# Swift Royale 620 Problem



## alfasteve (Nov 22, 2012)

Hi all bought my first motorhome last week drove home great every thing works was really happy until this morning. Water everywhere the roof leaks quite bad, ordered a new vent but the roof from the dome back about 5ft seems very wet any advice would be most welcom. And could anyone tell me the best way to remove the side cuboards so I can get the interior roof panels down.
Many thanks in advance
Steve very green newbie


----------



## Bobmarley3 (Oct 12, 2011)

Surely this is a problem to be sorted under warranty by whoever you bought the m/h from


----------



## alfasteve (Nov 22, 2012)

Bought it private sale so no comeback have to sort it myself.


----------



## Bobmarley3 (Oct 12, 2011)

That's tough.

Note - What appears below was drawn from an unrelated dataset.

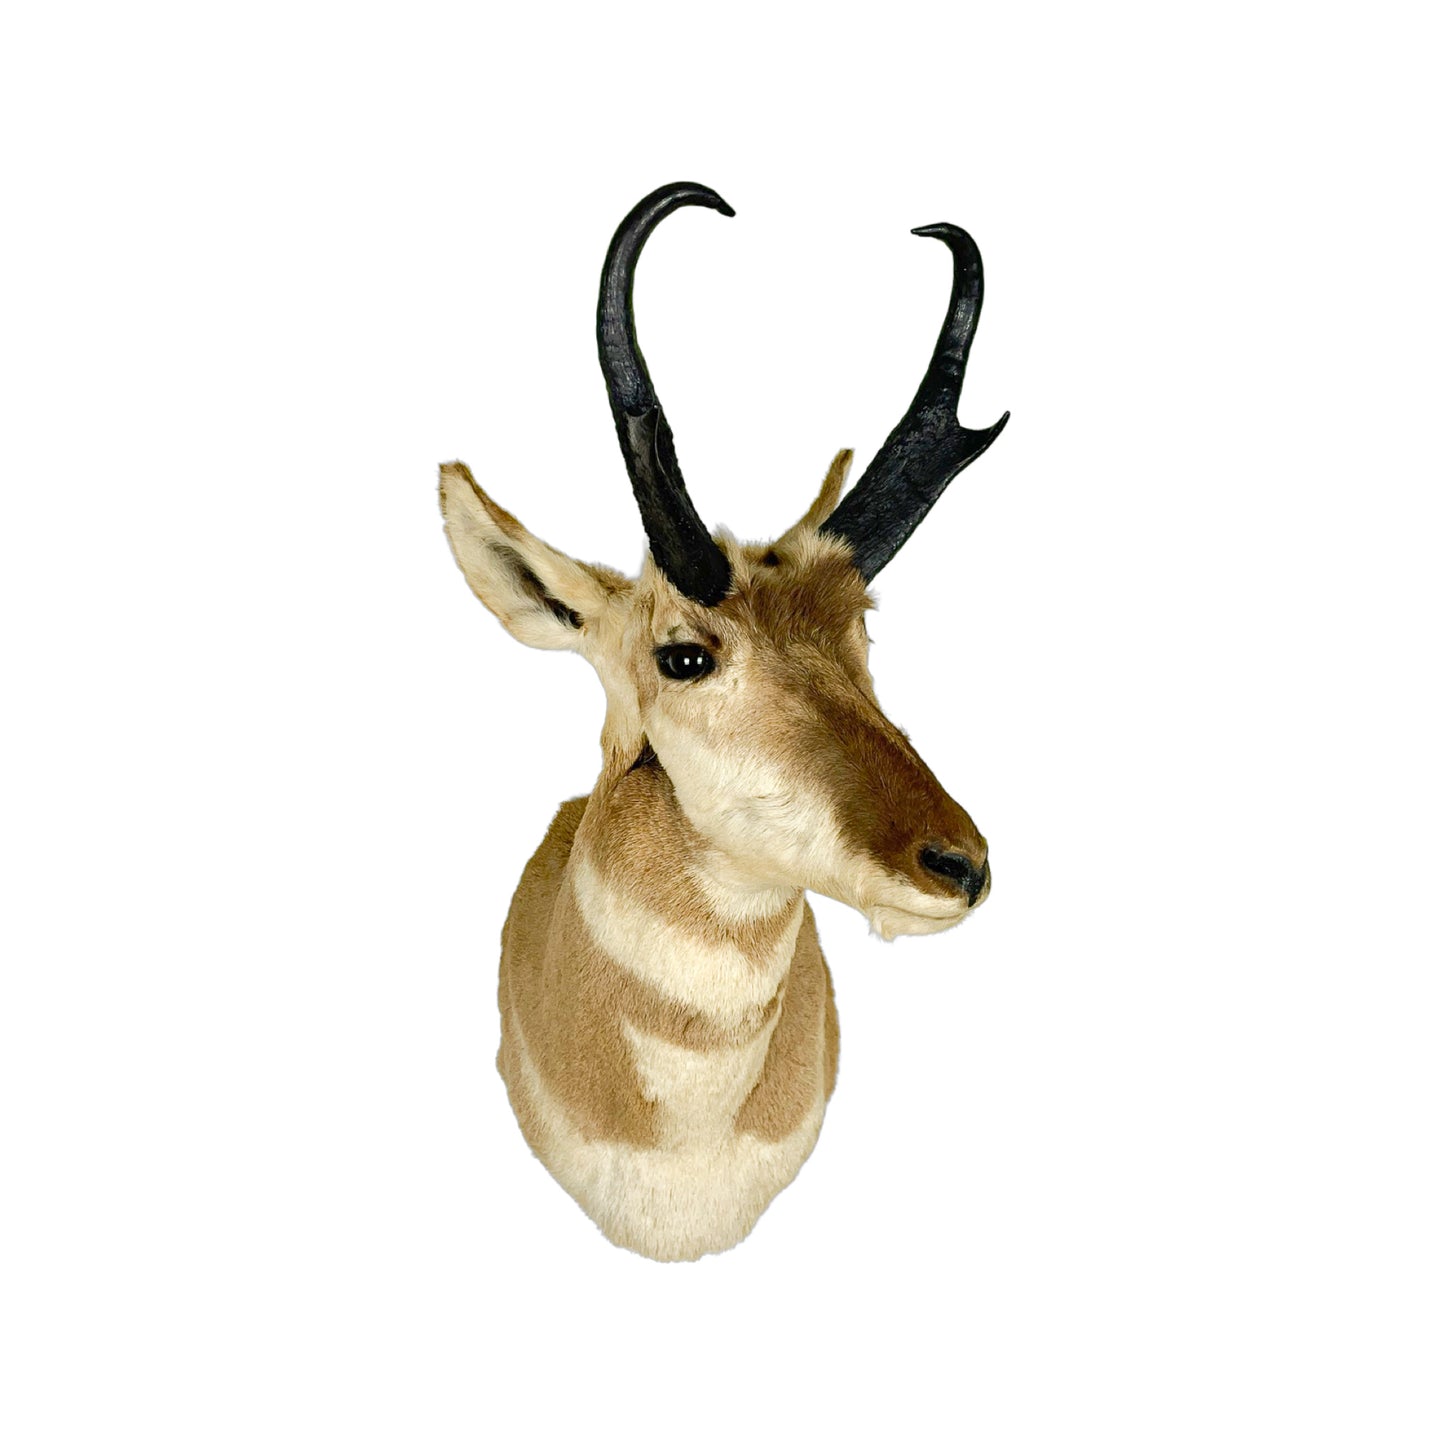 A Home Decor Taxidermy Pronghorn Shoulder Mount of Grade Respectable

Hope they made you aware of the problem before you bought so that price you paid reflected it. If they didn't tell you it could be a trading standards job.

Have a look at this thread for parts info
linky thingy


----------



## alfasteve (Nov 22, 2012)

Thanks just wish it would stop raining then I could do something about it


----------



## whistlinggypsy (May 1, 2005)

Steve, please PM me your contact No. or email address as I know someone who can help you, as they have been there where you are now and had a successful outcome.

As pointed out Steve your cannot PM me so please call me at 07506 378737.

Regards

Bob


----------



## DTPCHEMICALS (Jul 24, 2006)

Steve is not a subscriber so cannot PM you.
Dave p


----------